** EXERCISE DIRECTIONS **
Below, find the line containing "センスあふれる西洋野菜を育てる「アグリアート農園」_1_1"; from there to the final line, print every line exactly and skip the pictures.

** SUPPLIED DATA **
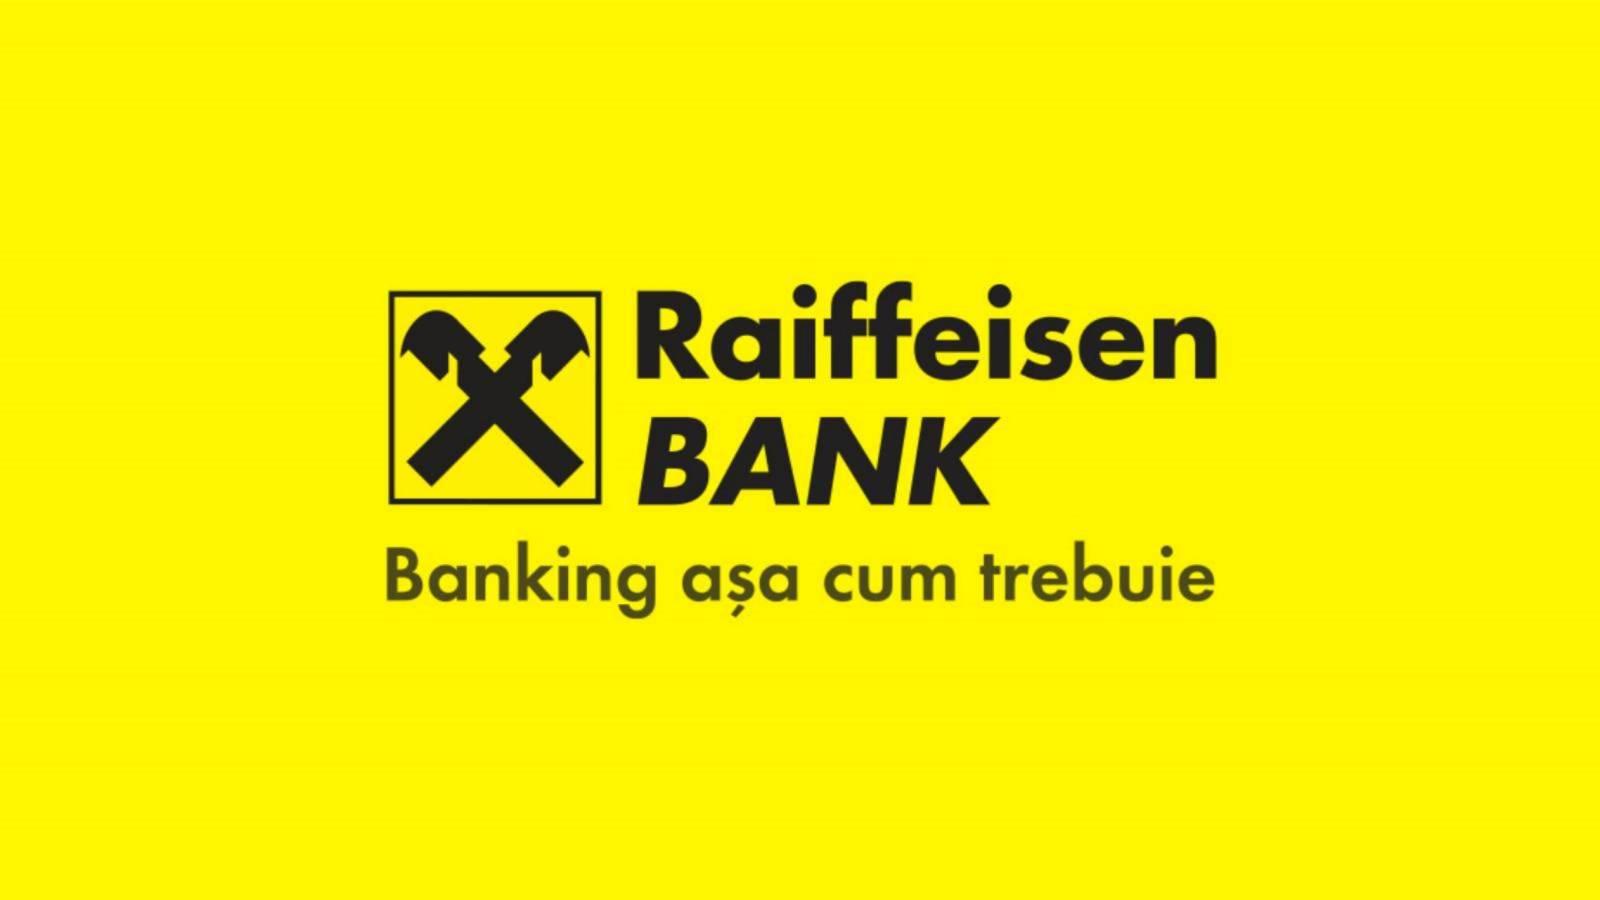 Raiffeisen Bank iures
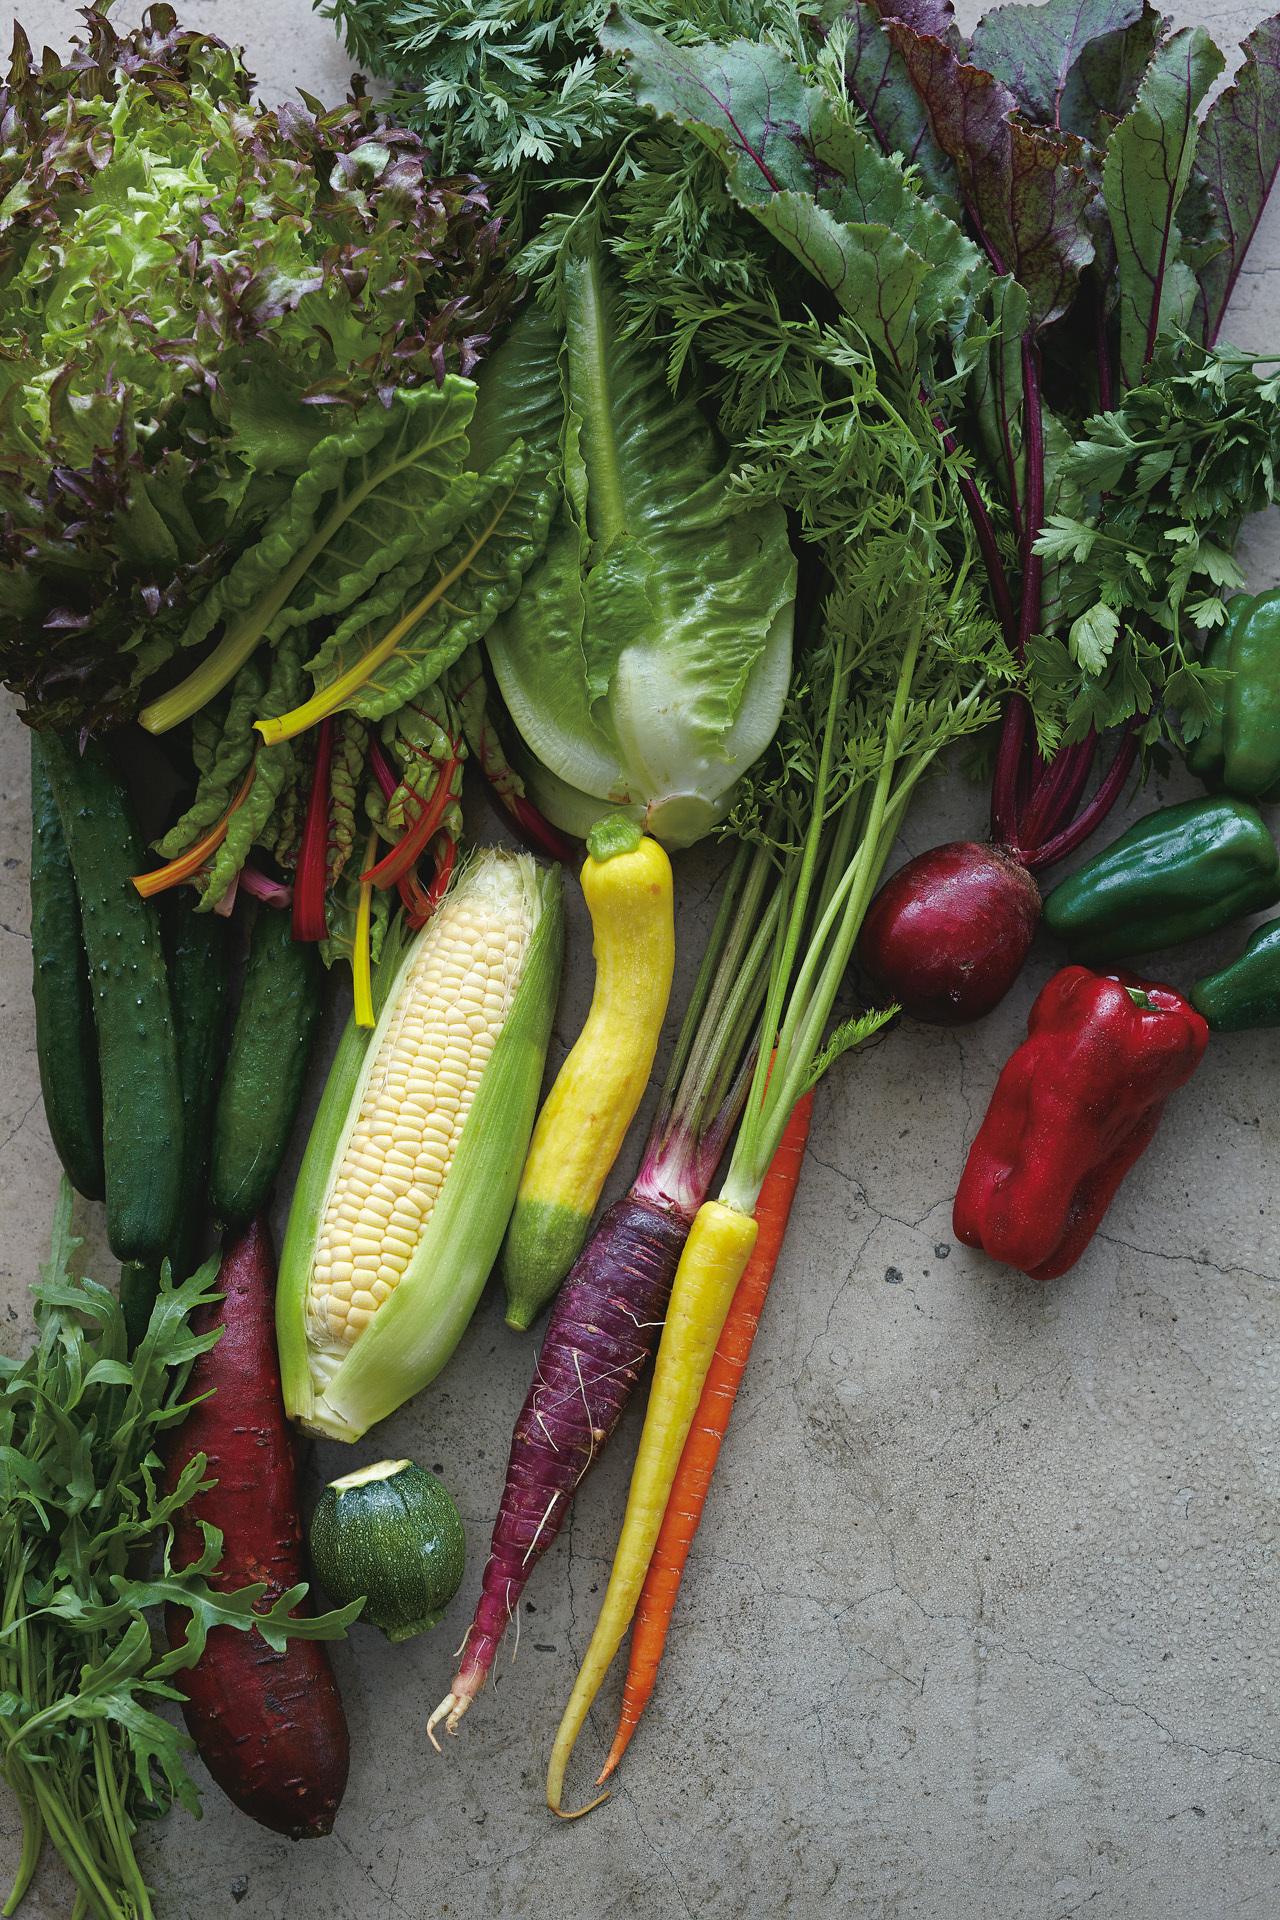 センスあふれる西洋野菜を育てる「アグリアート農園」_1_1
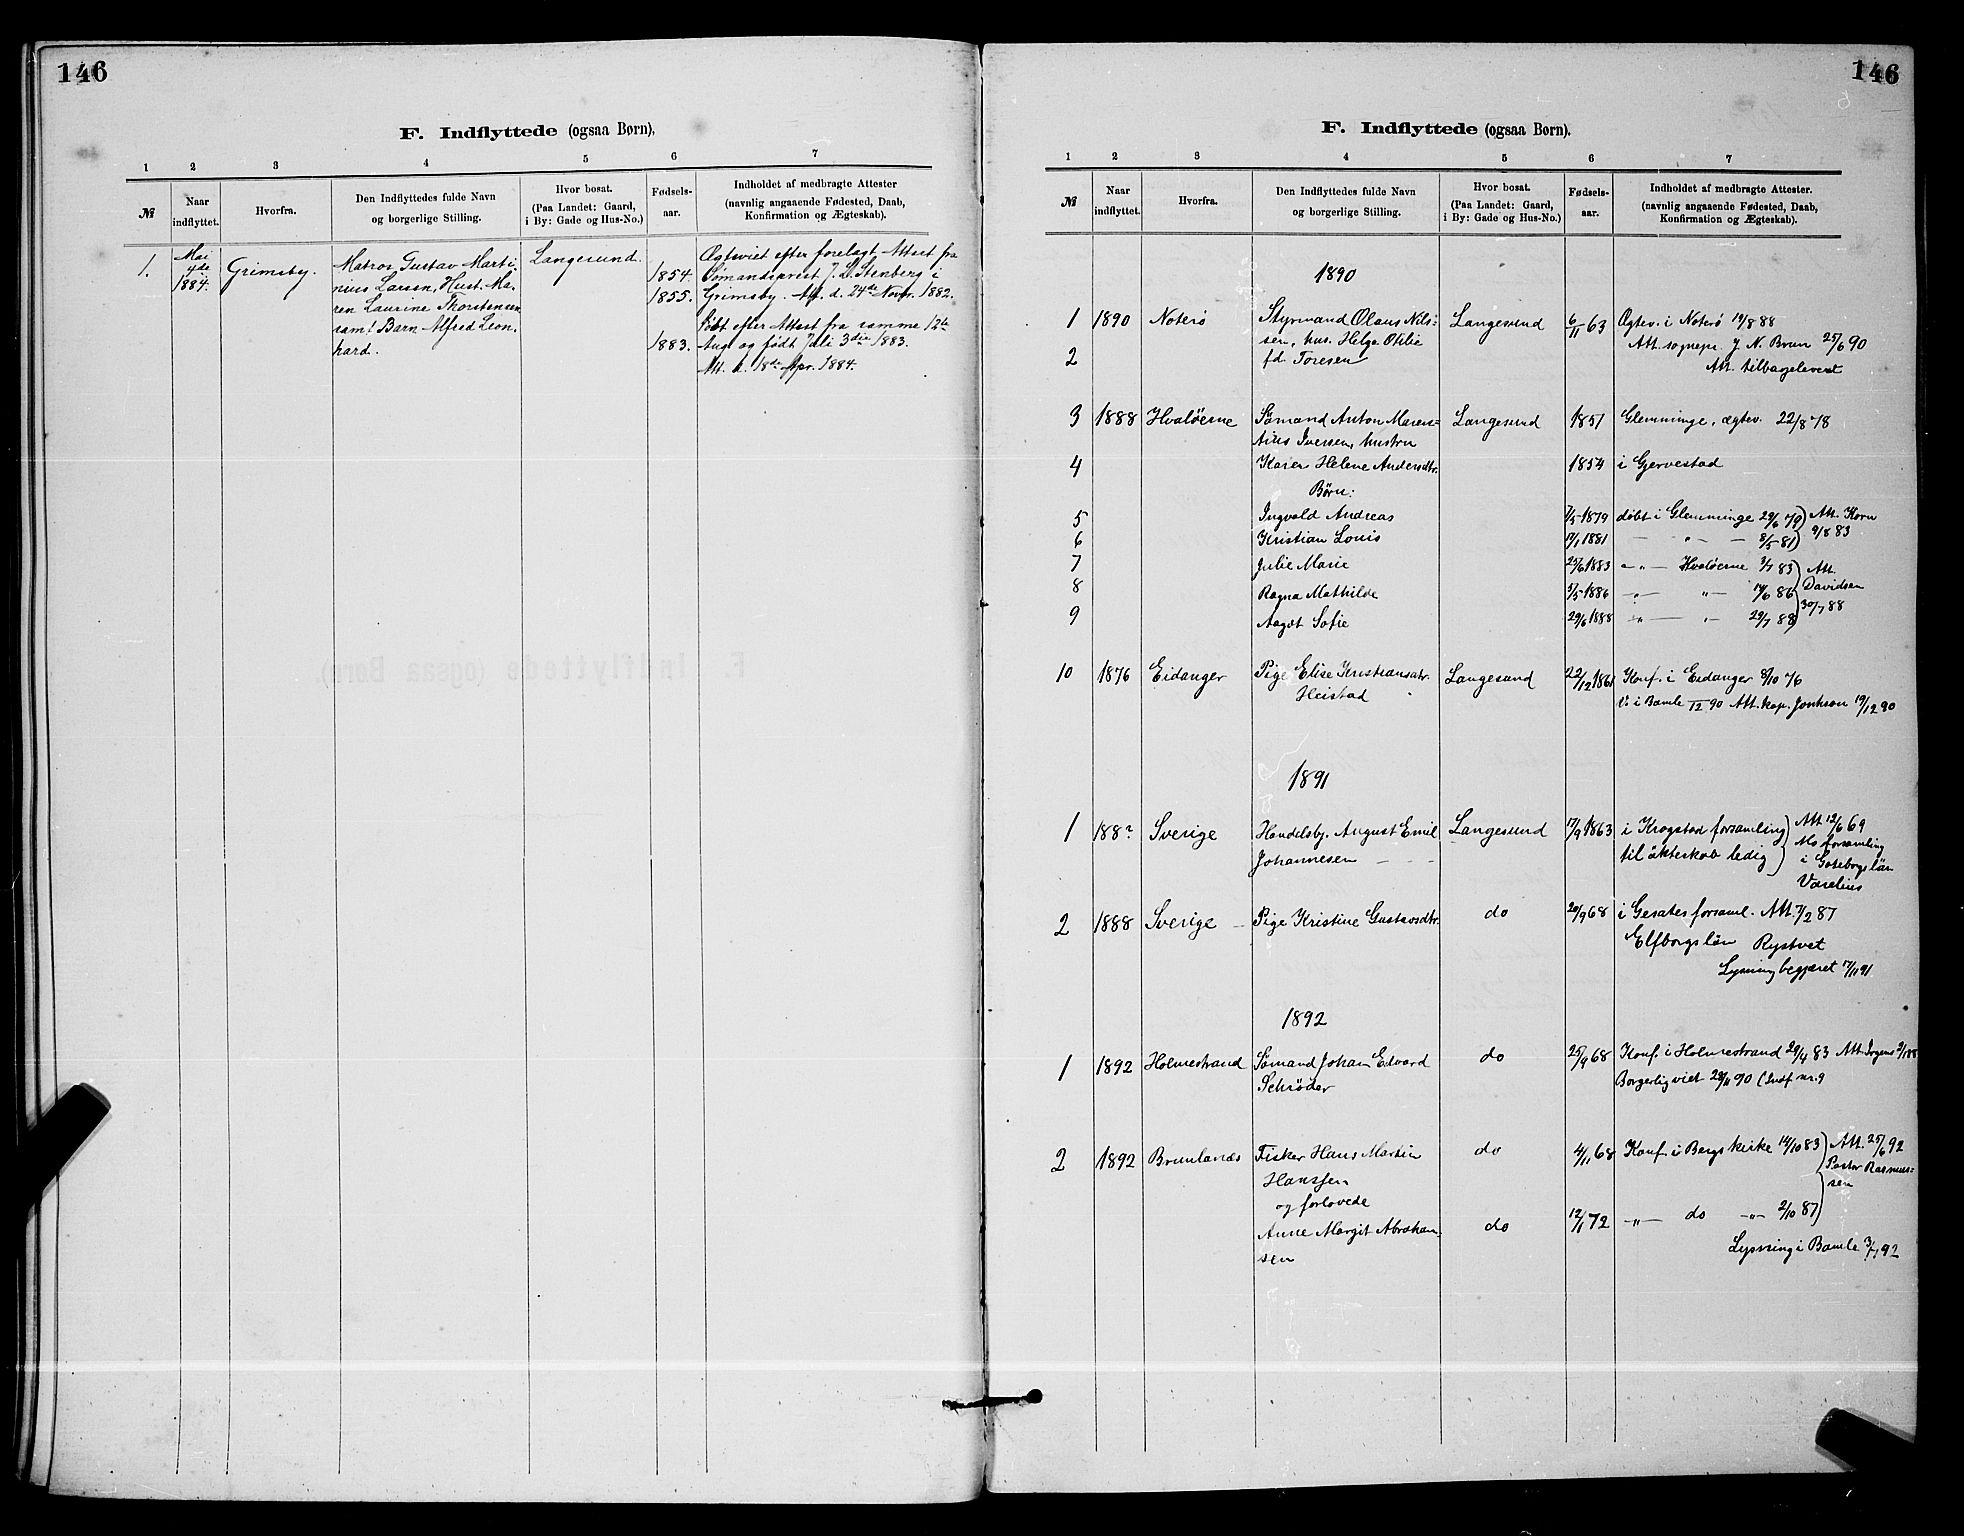 SAKO, Langesund kirkebøker, G/Ga/L0005: Klokkerbok nr. 5, 1884-1898, s. 146

** EXERCISE RESPONSE **
 センスあふれる西洋野菜を育てる「アグリアート農園」_1_1
 SAKO, Langesund kirkebøker, G/Ga/L0005: Klokkerbok nr. 5, 1884-1898, s. 146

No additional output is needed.